Pauline Marois vient de rencontrer le président Hollande et on sait qu'elle espérait que celui-ci positionne la France dans le traditionnel «ni-ni»: ni ingérence, ni indifférence, sur le délicat dossier de la souveraineté du Québec versus le fédéralisme canadien. Ce fameux «ni-ni» prévalait pour tous les présidents de la France depuis le «Vive le Québec libre» de De Gaulle, jusqu'à ce que Sarkozy dévoile clairement sa préférence pour le fédéralisme. Si plusieurs au sein du gouvernement actuel du Québec attendaient avec impatience le verdict du nouveau président français, certaines analyses économiques sont intéressantes à lire en lien avec ce sujet.
L'économiste français Alain Minc vient de sortir le livre «L'âme des nations» et dit: «...La dynamique capitaliste qui mène la planète fait que nous nous éloignons du centre du monde, désormais fixé entre Vancouver et Shanghai. La seule manière intelligente de gérer notre déclin est l'intégration européenne... Aujourd'hui il faut saisir la perche tendue par Angela Merkel, un projet fédéral avec élection du président de l'Europe...». Certes Minc n'est pas trop proche politiquement d'Hollande, mais Paul Goldschmidt de l'Institut Thomas More, ex-directeur aux Affaires Économiques et Financières de la Commission Européenne, disait de Hollande fin mai dans www.atlantico.fr: «Au dernier sommet européen de Bruxelles, François Hollande promettait plus de fédéralisme et de transferts de pouvoir». Sur www.euroactiv.fr, on dit de lui: «On peut soupçonner qu'il est fédéraliste».
En juin dernier, le journal Le Parisien écrivait: «Selon Hollande, la construction européenne est une suite de compromis et elle comporte déjà des éléments de fédéralisme, comme la BCE et la Cour européenne de Justice (CEJ)». Le président français François Hollande préconise en effet d'avancer «étape par étape» sur dix ans vers plus de fédéralisme européen.

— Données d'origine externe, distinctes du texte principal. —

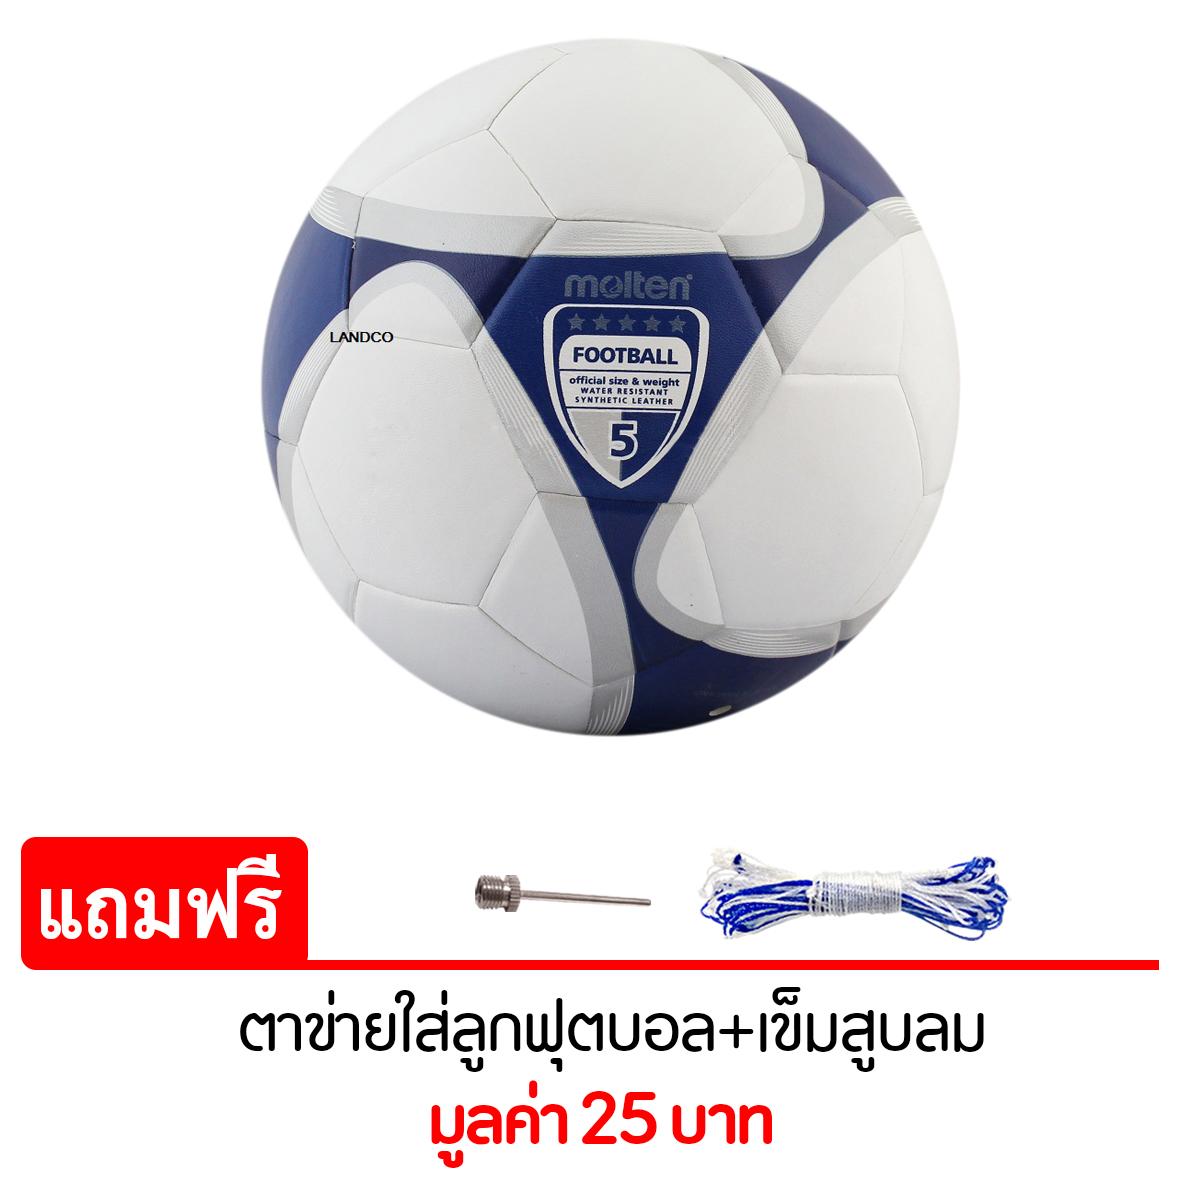 MOLTEN ฟุตบอล PVC F5VCL-CLY2 เบอร์ 5 แถมฟรี ตาข่ายใส่ลูกฟุตบอล + เข็มสูบลม

Jacques Attali, ancien conseiller du président socialiste Mitterrand, disait déjà début 2012 au magazine Jeune Afrique: «L'euro disparaîtra s'il n'y a pas de fédéralisme, car une monnaie ne peut exister sans pouvoir politique.»
Alors que dire à Marois?
Il aurait été surprenant que le même Hollande prêche pour la souveraineté de la Belle Province, alors que le fédéralisme européen fait partie de sa vision d'avenir pour la France. Se pourrait-il que l'atterrissage de Mme Marois sur le tarmac de Roissy Charles De Gaulle l'ait déçue quelque peu? Au moment où je finalise cet éditorial, Hollande vient de dire au côté de notre première ministre qu'il est «pour la continuité». Ce qui veut tout dire et rien dire. Il aurait aussi pu reprendre à son compte, pour satisfaire son invitée sans trahir ses propres idées, la formule d'un autre économiste réputé et socialiste comme lui, Jacques Delors, qui voyait pour l'Europe une fédération d'États Nations... une nouvelle idée pour le Canada peut-être, une fédération décentralisée!